» Information given:
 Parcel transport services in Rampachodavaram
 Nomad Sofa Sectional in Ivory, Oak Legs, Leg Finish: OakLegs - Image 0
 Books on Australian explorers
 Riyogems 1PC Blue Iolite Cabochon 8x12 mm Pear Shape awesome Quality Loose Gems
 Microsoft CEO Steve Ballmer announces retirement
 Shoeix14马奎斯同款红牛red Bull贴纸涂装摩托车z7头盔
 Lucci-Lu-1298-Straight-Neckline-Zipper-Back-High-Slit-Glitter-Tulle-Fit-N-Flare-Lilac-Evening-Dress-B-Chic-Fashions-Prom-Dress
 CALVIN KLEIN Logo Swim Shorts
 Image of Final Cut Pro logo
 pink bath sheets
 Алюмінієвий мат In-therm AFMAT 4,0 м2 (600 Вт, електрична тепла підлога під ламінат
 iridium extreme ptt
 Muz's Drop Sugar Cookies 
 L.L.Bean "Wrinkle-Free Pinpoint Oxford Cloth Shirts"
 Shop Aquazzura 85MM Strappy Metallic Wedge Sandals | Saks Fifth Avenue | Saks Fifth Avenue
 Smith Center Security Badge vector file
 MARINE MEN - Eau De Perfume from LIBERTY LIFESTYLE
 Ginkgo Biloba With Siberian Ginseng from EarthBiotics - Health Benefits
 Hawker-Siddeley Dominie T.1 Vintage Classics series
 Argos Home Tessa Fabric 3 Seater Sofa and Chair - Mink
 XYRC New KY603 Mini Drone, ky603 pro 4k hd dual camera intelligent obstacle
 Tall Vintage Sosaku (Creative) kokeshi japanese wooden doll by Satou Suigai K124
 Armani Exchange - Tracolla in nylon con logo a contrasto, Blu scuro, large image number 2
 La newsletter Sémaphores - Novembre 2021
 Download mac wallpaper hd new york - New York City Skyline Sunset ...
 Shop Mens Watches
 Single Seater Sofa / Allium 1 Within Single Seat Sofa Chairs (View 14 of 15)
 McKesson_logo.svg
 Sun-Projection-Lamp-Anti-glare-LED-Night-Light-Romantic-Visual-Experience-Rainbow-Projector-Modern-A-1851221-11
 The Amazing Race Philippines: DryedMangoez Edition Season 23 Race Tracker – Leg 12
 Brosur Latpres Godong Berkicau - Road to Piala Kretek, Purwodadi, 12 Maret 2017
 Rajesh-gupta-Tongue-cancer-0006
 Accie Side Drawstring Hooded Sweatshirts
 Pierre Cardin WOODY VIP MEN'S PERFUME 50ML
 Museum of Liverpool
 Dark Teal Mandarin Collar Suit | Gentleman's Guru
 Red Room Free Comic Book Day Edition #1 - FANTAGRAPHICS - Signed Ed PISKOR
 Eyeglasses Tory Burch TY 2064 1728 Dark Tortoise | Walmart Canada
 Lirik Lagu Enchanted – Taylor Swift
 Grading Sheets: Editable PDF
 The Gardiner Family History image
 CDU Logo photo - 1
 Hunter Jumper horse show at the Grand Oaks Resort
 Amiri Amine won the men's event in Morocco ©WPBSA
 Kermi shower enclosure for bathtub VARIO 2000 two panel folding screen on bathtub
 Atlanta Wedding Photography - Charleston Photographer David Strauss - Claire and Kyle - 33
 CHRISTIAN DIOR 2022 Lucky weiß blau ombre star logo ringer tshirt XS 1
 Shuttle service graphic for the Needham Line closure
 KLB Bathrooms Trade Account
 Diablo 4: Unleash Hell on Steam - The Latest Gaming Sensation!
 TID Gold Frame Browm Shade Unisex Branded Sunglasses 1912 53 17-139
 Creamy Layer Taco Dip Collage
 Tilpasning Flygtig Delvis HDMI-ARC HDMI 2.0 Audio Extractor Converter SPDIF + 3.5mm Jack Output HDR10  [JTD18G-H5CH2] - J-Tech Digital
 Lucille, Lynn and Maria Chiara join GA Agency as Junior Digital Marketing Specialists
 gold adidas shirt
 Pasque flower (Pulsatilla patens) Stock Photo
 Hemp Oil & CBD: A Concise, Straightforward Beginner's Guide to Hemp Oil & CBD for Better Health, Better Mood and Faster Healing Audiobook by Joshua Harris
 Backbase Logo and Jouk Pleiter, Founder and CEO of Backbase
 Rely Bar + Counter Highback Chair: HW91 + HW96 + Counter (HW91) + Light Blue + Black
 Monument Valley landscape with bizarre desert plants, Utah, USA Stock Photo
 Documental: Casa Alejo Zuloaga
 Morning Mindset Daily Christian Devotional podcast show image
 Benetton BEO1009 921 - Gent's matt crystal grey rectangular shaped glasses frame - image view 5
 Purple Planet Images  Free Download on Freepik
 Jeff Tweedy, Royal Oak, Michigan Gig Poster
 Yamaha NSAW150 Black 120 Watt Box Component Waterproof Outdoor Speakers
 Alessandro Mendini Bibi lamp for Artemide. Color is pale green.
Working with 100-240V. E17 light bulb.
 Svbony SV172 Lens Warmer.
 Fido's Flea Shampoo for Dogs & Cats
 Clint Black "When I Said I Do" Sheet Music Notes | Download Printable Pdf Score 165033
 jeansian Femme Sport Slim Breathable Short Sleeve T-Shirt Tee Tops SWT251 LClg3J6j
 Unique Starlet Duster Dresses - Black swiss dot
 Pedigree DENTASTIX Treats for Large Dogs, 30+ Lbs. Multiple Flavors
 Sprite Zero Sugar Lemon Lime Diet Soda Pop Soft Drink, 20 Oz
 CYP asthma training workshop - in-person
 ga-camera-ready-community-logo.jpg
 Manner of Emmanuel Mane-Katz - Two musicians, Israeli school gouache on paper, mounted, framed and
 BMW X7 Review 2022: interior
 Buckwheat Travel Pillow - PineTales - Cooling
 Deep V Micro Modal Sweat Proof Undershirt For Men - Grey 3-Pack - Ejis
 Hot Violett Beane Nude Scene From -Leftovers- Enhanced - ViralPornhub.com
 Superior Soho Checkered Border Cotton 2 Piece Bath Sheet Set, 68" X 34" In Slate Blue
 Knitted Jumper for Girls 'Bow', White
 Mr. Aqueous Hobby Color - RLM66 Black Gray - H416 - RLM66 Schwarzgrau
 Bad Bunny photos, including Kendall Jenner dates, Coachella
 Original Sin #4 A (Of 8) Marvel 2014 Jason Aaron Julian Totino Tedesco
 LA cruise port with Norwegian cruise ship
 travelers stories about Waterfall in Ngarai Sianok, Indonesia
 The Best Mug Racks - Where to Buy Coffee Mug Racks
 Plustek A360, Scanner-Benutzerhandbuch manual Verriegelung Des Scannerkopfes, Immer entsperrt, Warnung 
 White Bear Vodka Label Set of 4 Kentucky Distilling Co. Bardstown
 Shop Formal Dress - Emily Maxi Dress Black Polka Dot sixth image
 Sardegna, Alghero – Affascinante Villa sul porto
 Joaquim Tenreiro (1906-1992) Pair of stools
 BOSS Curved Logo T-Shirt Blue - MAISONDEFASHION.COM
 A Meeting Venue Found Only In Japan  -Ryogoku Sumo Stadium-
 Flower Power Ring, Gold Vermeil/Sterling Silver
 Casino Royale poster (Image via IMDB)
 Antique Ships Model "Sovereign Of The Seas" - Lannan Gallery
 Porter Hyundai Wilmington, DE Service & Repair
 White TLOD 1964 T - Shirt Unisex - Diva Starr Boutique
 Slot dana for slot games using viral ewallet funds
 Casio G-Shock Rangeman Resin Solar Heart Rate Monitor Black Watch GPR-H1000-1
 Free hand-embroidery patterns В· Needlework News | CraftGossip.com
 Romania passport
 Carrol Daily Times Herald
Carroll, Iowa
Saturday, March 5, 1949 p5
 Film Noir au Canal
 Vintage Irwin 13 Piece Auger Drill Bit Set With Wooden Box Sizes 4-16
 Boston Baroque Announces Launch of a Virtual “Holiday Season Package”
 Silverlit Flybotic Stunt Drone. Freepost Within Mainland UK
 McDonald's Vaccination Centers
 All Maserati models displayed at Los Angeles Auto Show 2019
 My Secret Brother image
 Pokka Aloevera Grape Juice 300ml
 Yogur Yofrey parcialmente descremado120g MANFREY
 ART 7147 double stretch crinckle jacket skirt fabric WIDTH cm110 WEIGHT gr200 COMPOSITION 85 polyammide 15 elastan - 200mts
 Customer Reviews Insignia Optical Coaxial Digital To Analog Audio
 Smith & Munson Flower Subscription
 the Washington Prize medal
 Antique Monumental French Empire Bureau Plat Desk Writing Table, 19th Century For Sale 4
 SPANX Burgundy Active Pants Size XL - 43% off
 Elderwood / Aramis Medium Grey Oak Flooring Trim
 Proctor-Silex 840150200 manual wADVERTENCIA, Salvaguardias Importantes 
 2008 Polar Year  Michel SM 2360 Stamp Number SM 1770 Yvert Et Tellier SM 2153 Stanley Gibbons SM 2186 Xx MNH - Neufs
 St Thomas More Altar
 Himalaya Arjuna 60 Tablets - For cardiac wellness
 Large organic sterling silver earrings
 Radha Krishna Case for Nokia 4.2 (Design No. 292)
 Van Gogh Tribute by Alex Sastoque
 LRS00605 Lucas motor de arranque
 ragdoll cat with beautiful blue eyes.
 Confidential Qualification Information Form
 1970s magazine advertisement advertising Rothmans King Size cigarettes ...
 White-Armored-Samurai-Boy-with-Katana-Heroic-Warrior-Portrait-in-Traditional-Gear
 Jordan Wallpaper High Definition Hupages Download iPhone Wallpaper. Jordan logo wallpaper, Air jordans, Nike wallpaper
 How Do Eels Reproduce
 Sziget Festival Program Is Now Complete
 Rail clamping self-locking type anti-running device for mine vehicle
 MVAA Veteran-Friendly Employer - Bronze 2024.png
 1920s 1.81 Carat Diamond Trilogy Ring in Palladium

» Task requirements:
Beginning with the first line of the records above, reproduce each line exactly, ending at the line that contains "Shoeix14马奎斯同款红牛red Bull贴纸涂装摩托车z7头盔", and leave out everything else.

» Output:
 Parcel transport services in Rampachodavaram
 Nomad Sofa Sectional in Ivory, Oak Legs, Leg Finish: OakLegs - Image 0
 Books on Australian explorers
 Riyogems 1PC Blue Iolite Cabochon 8x12 mm Pear Shape awesome Quality Loose Gems
 Microsoft CEO Steve Ballmer announces retirement
 Shoeix14马奎斯同款红牛red Bull贴纸涂装摩托车z7头盔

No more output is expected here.